[Task details] With pictures excluded, copy word for word the lines in the data below from the line containing "Racing Engine Design" through the line containing "Lululemon The (Small)".

[The data]
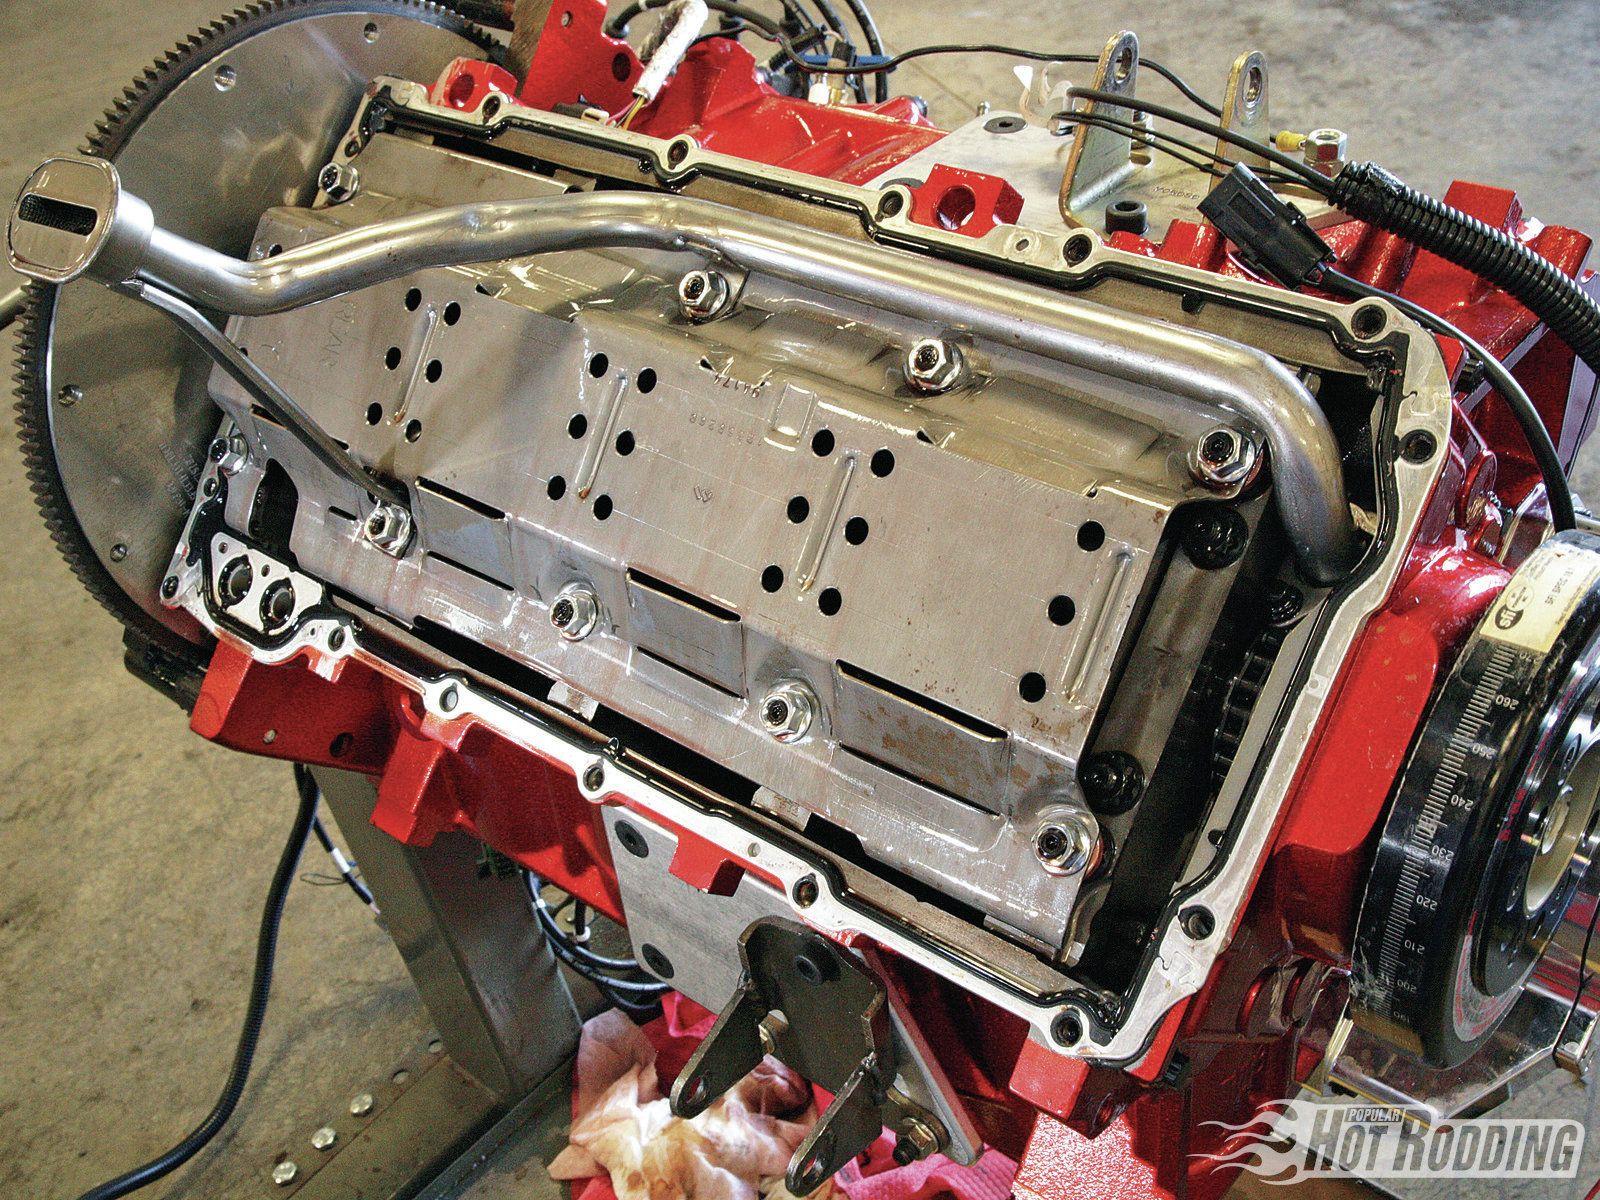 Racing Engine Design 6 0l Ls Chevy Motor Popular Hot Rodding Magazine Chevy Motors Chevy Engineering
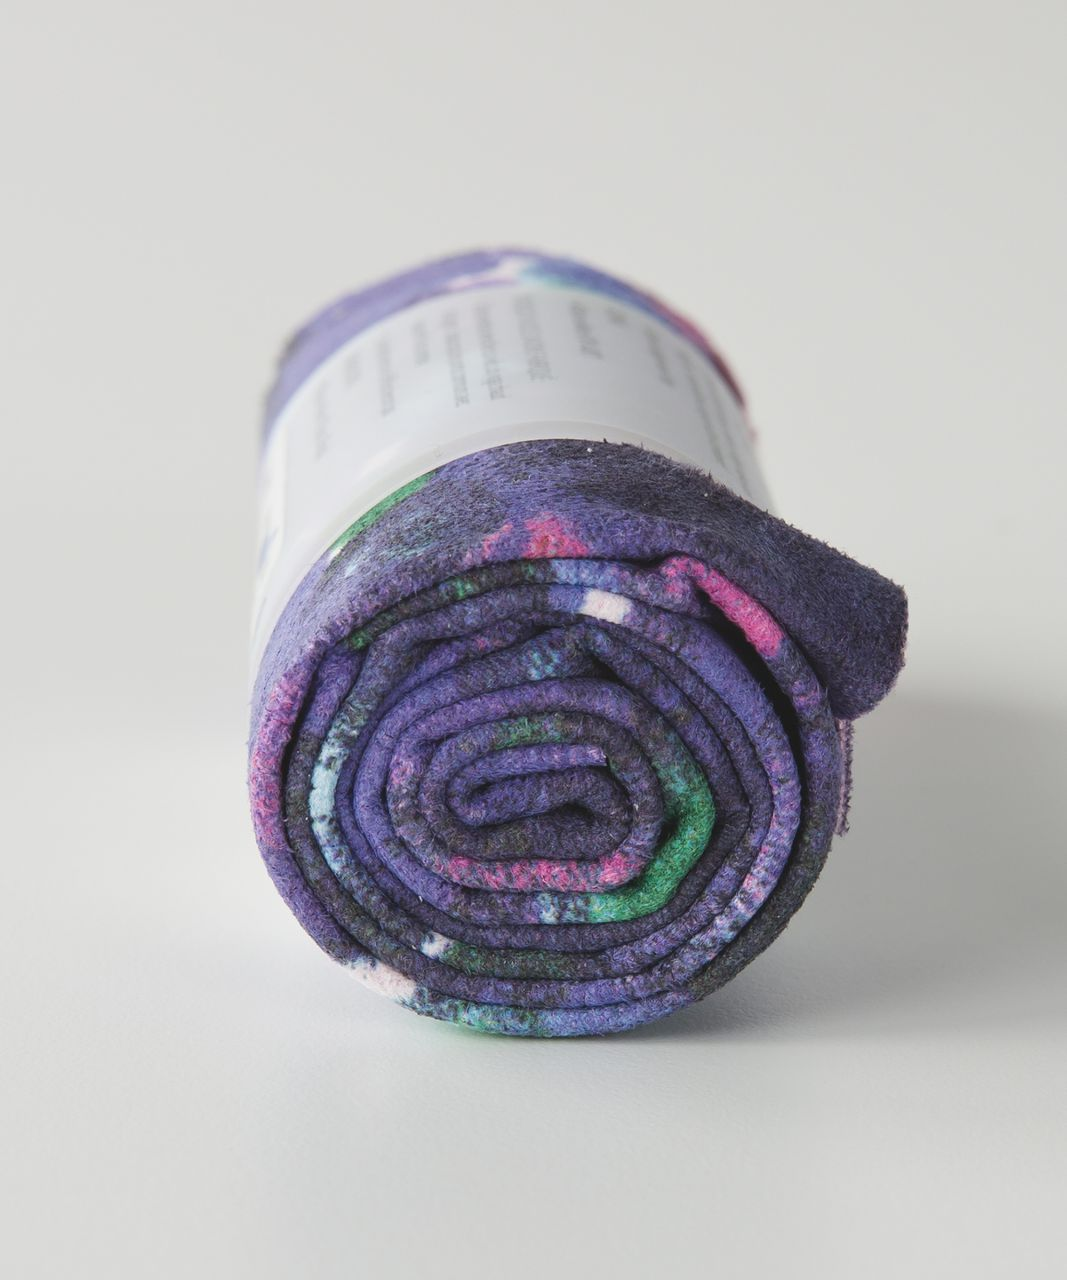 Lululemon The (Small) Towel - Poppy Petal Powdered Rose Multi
...
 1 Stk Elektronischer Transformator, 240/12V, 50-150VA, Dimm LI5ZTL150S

[Solution to this task]
 Racing Engine Design 6 0l Ls Chevy Motor Popular Hot Rodding Magazine Chevy Motors Chevy Engineering
 Lululemon The (Small) Towel - Poppy Petal Powdered Rose Multi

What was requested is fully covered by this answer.